The River University Science and Innovation Center. (Courtesy of Rivier University)


At Nashua Community College, diagnostic tools used throughout its automotive programs have changed the curriculum, Jordan says. “Electronics is now a gateway course for all of our automotive students, whether they are going into collision repair or auto technology,” she says. “We have the only auto collision repair program in the state, and students never had to understand the electronic piece in the past. But it’s not just putting on a new door now. You have to know how to handle the electronics built into it.”

White Mountains Community College uses simulations for a variety of courses, including welding, something Lloyd would not have thought possible before COVID. “We’ve been doing online since 1990, before it was cool. But the offerings have become more robust,” he says.


White Mountains Community College student Brandon Richards, left and STEM and Advanced Manufacturing professor John Holt, build a voltage divider circuit. (Courtesy photo)


State Schools Create More Efficient IT

When the pandemic began, IT departments among the schools that make up the University System of NH (USNH) were in the process of consolidating to a single department, says William Poirier, UNH Chief Information Officer. (USNH includes the University of NH in Durham, University of NH School of Law in Concord, University of NH at Manchester, Plymouth State University, Keene State College, and Granite State College in Concord.)

Each institution had autonomy, resulting in disparate technology. “University System leadership saw the cost savings potential and we are extremely lucky that we were in the process when [the pandemic] occurred,” says Poirier.

When NH’s institutions shifted online, they did so at breakneck speed, Poirier says, but for fall they had to be ready to support remote and hybrid. “We had to outfit 193 classrooms between May and August of 2020. It was not just equipment but professional development for hundreds of faculty members at our six institutions. It was 105 days of acts and miracles,” he says.

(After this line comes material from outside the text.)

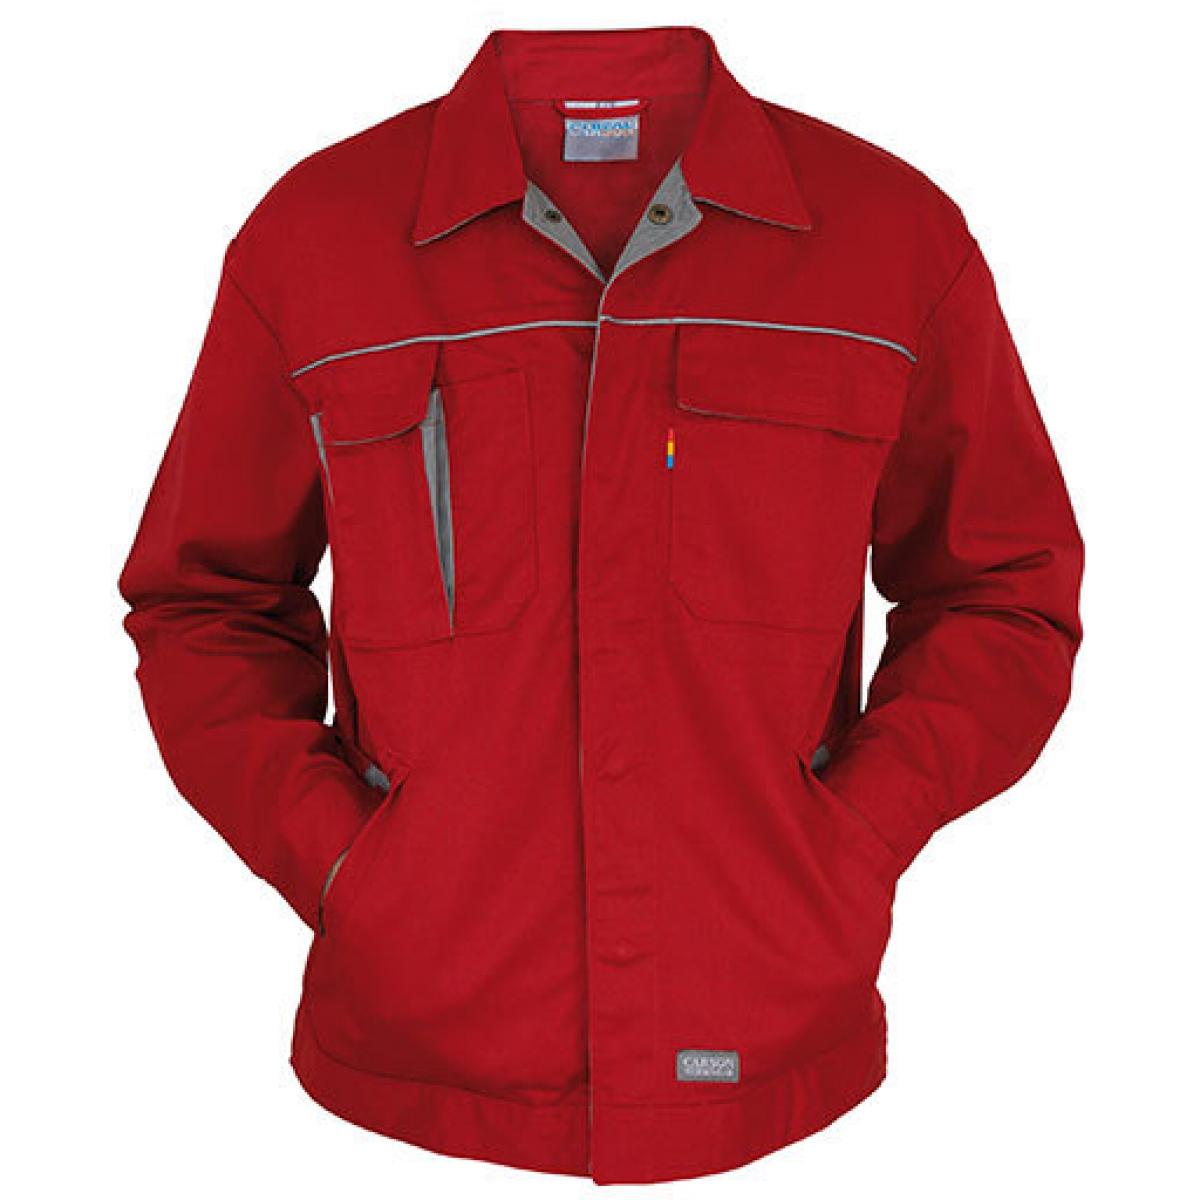 Hersteller: Carson Contrast Herstellernummer: CC710 Artikelbezeichnung: Herren Contrast Work Jacket / Bei 60 Grad waschbar Farbe: Red/Grey

The new connectedness of the USNH system means greater access for all students. “It gives you the ability to work across the system where a class offered at UNH can be taken at Plymouth State University and vice versa,” says Donald L. Birx, president of Plymouth State University.

The Community College System of NH also benefits from a centralized IT system, says Dr. Mark Rubinstein, chancellor. There are seven colleges and 12 instructional locations across the state, which share a common infrastructure for student information systems, software licensing for technology platforms and shared resources for managing that technology.

“It is a significant change,” Rubinstein says. “When I went to college we went to the library, looked in the card catalog and dug out the material from the stack. There was often only one copy and if it wasn’t there, it wasn’t there. Now, with so much available in digital collections, we are supporting students with instructional material literally from across the globe.”